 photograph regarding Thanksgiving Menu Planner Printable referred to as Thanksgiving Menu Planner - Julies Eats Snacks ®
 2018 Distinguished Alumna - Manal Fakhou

---

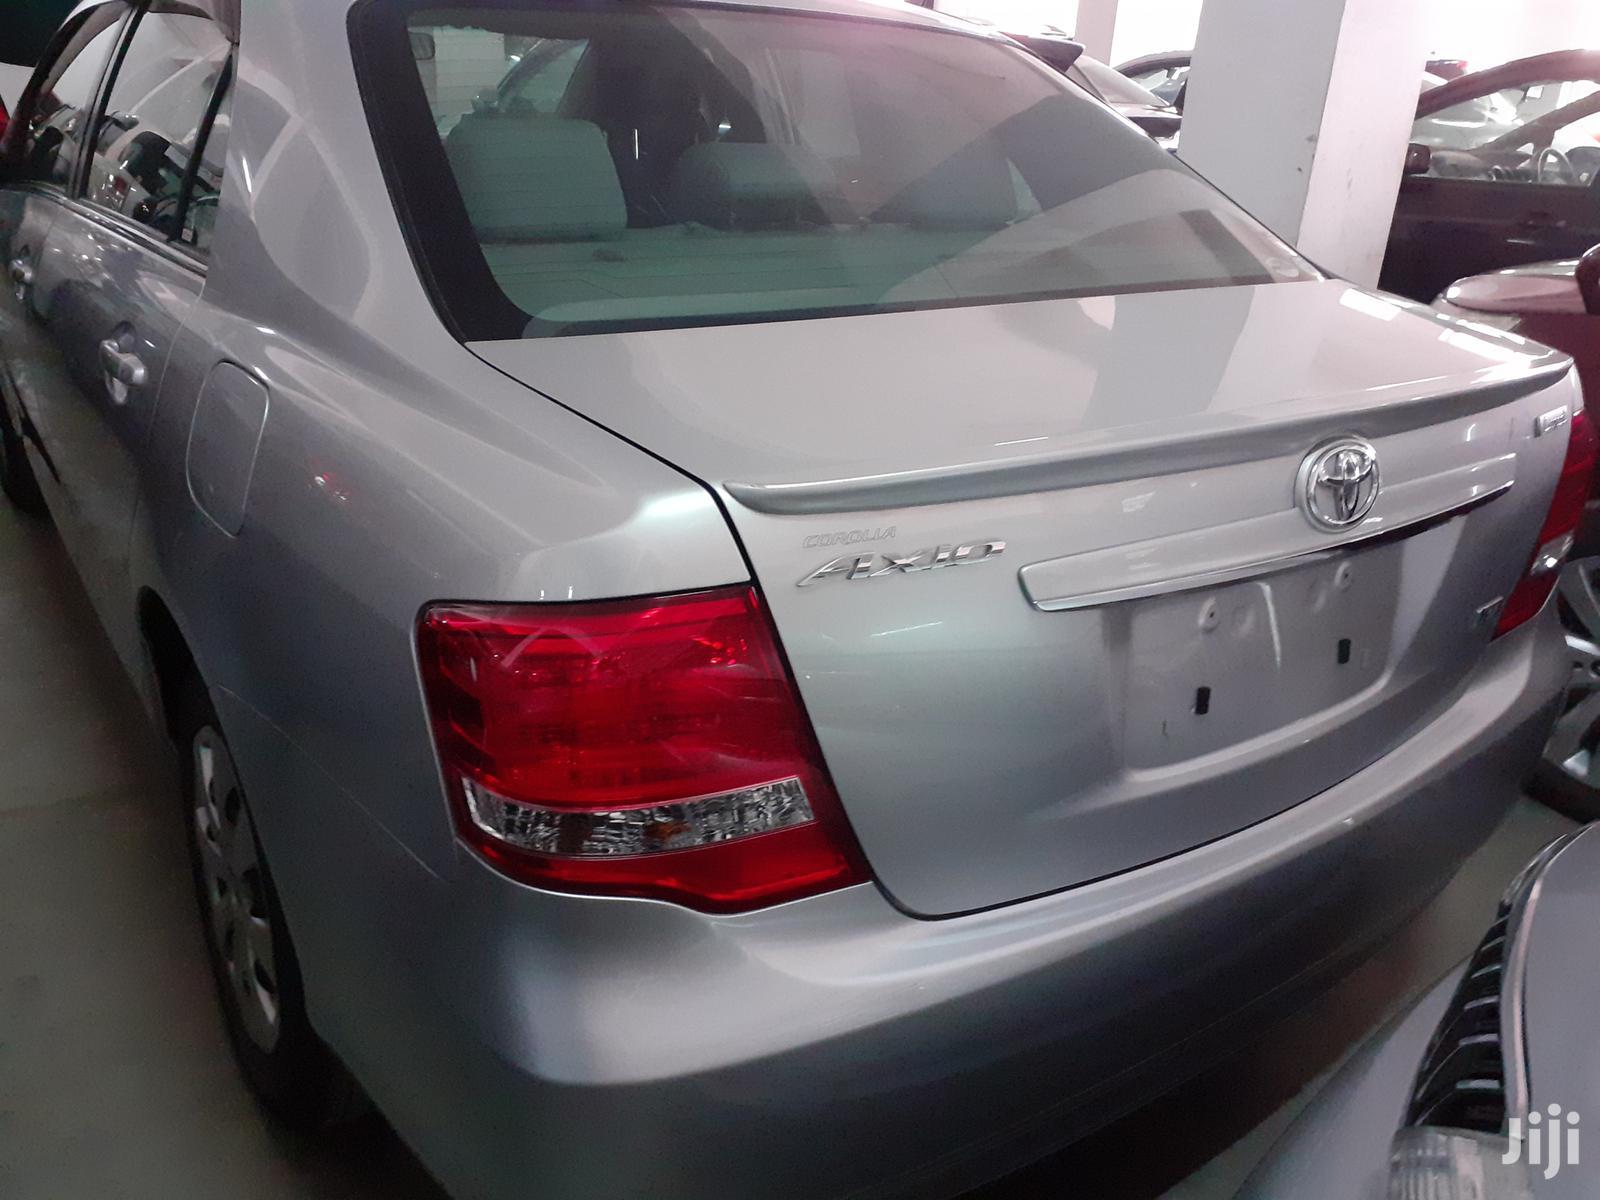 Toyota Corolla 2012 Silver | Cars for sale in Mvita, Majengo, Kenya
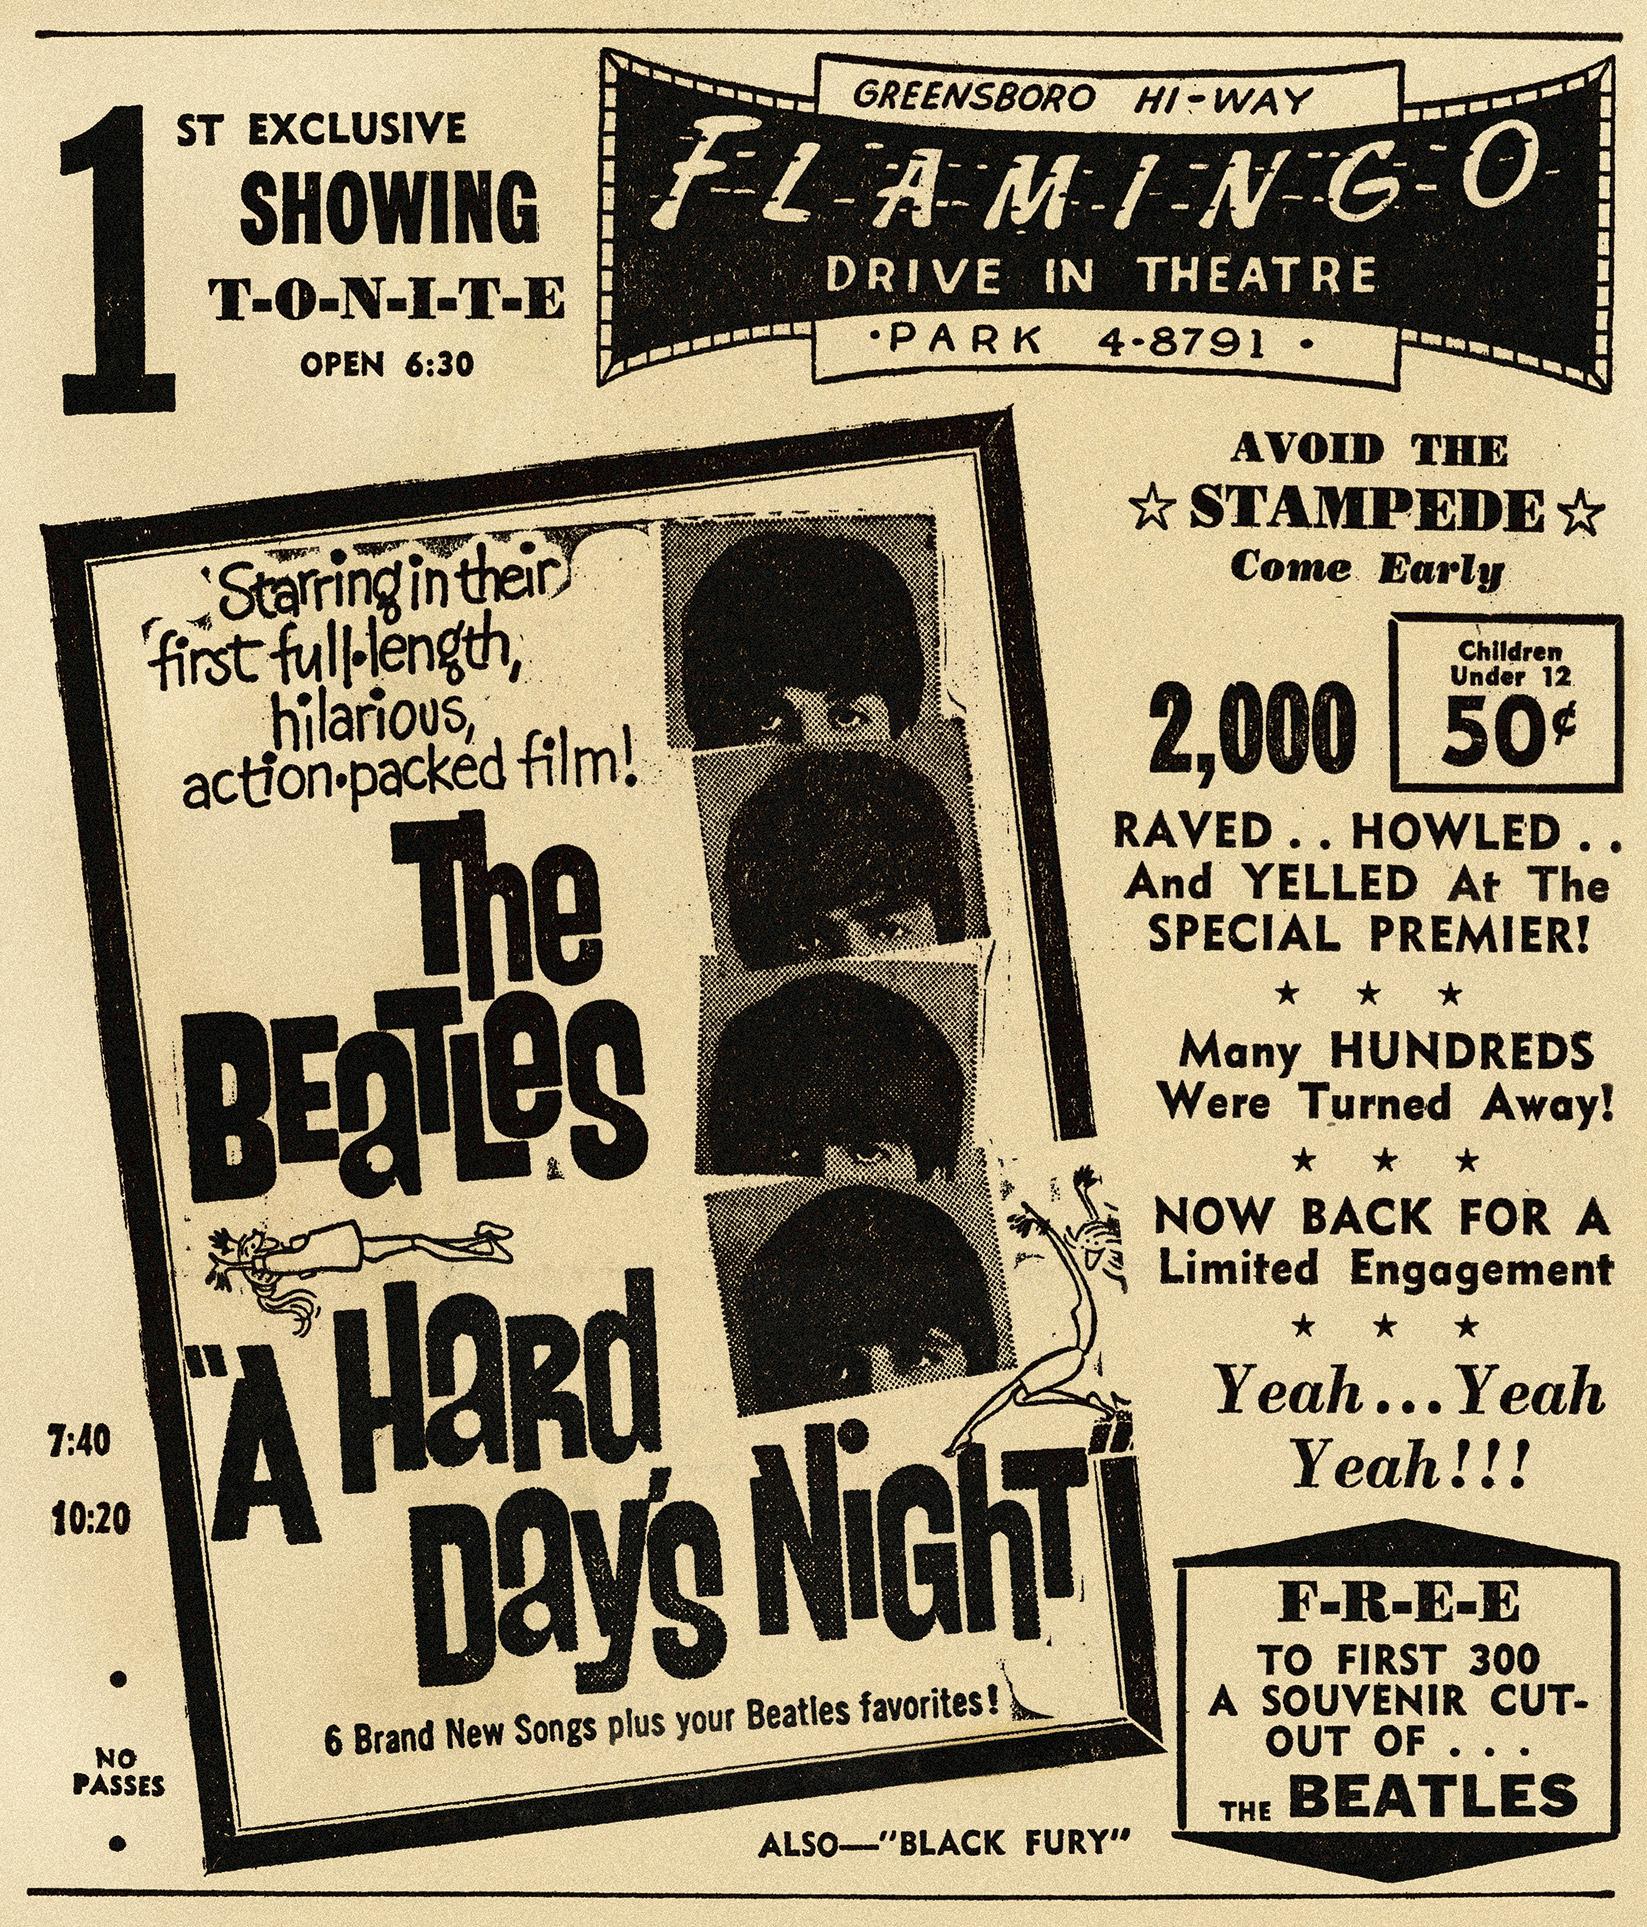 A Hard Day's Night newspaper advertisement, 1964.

---

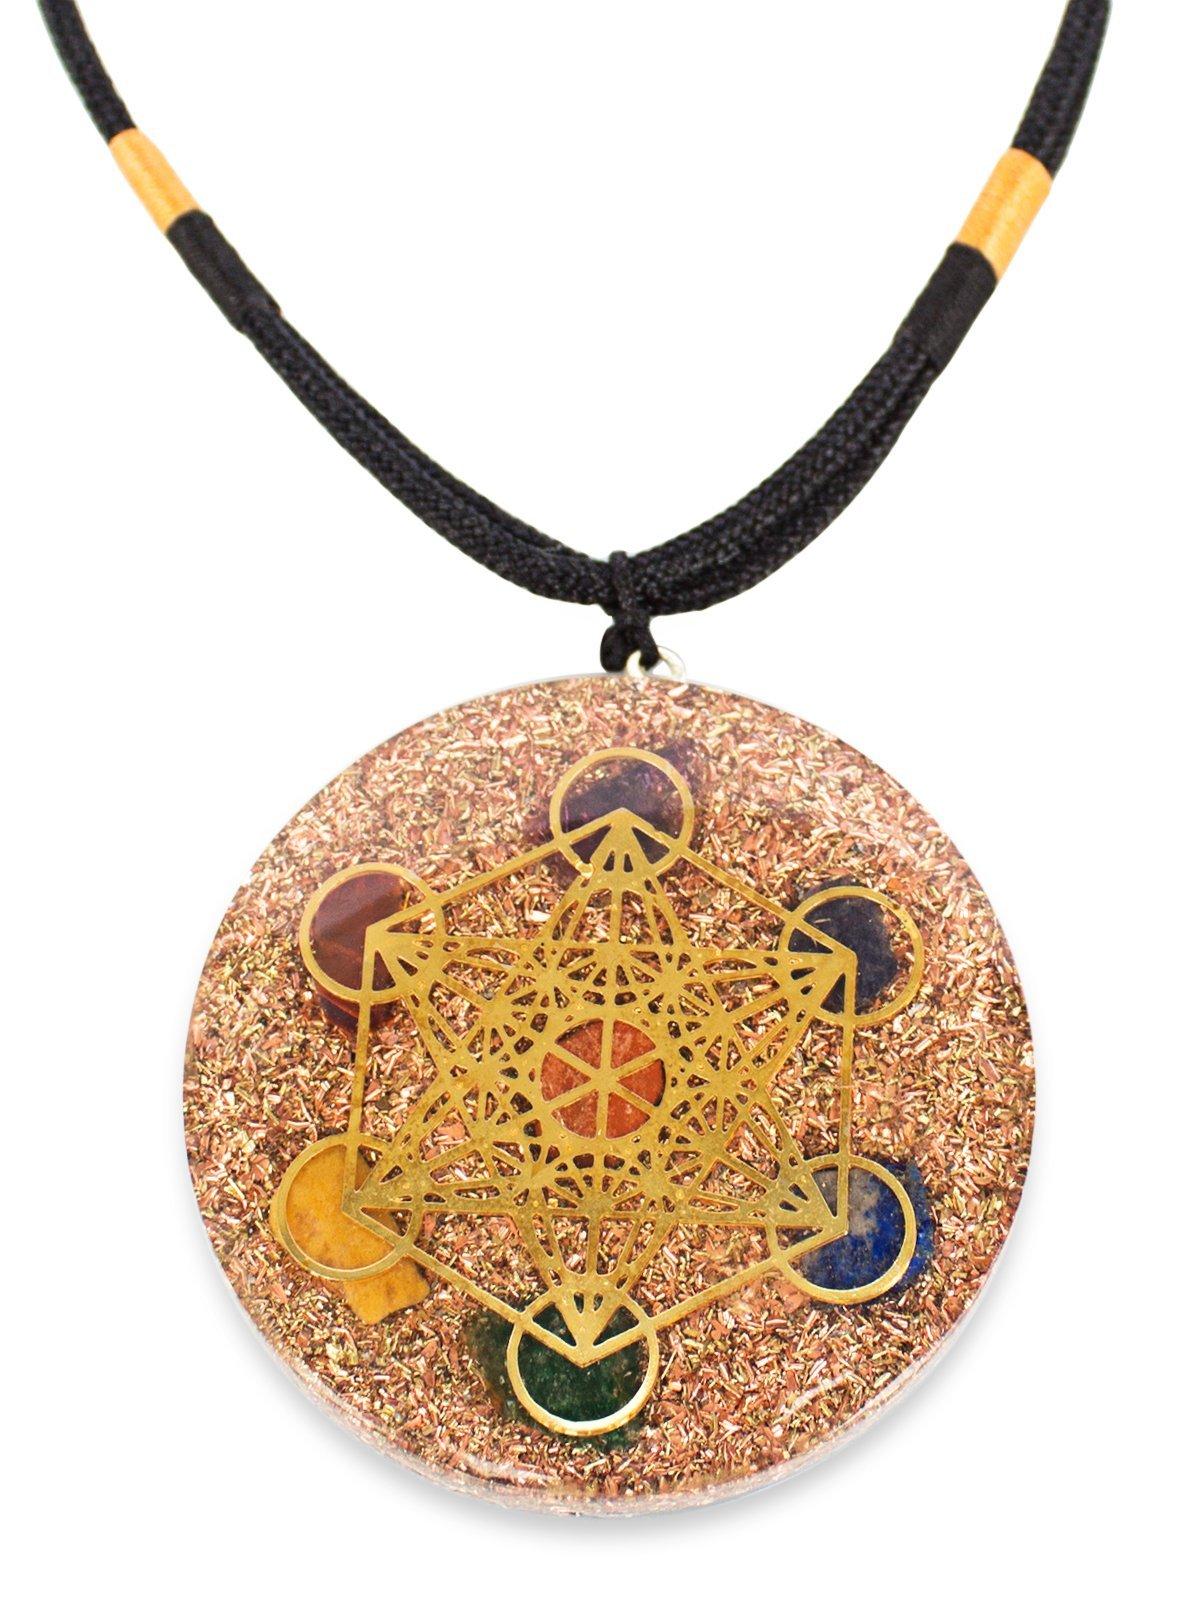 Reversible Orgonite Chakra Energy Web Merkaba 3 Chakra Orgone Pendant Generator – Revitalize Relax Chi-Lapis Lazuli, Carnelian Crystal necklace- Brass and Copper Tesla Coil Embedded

§ TASK GOAL: Of the entries above, repeat exactly the lines from the line with "photograph regarding Thanksgiving" through the line with "2018 Distinguished Alumna - Manal Fakhou", both of them included.

§ RESPONSE TO THIS TASK:
 photograph regarding Thanksgiving Menu Planner Printable referred to as Thanksgiving Menu Planner - Julies Eats Snacks ®
 2018 Distinguished Alumna - Manal Fakhou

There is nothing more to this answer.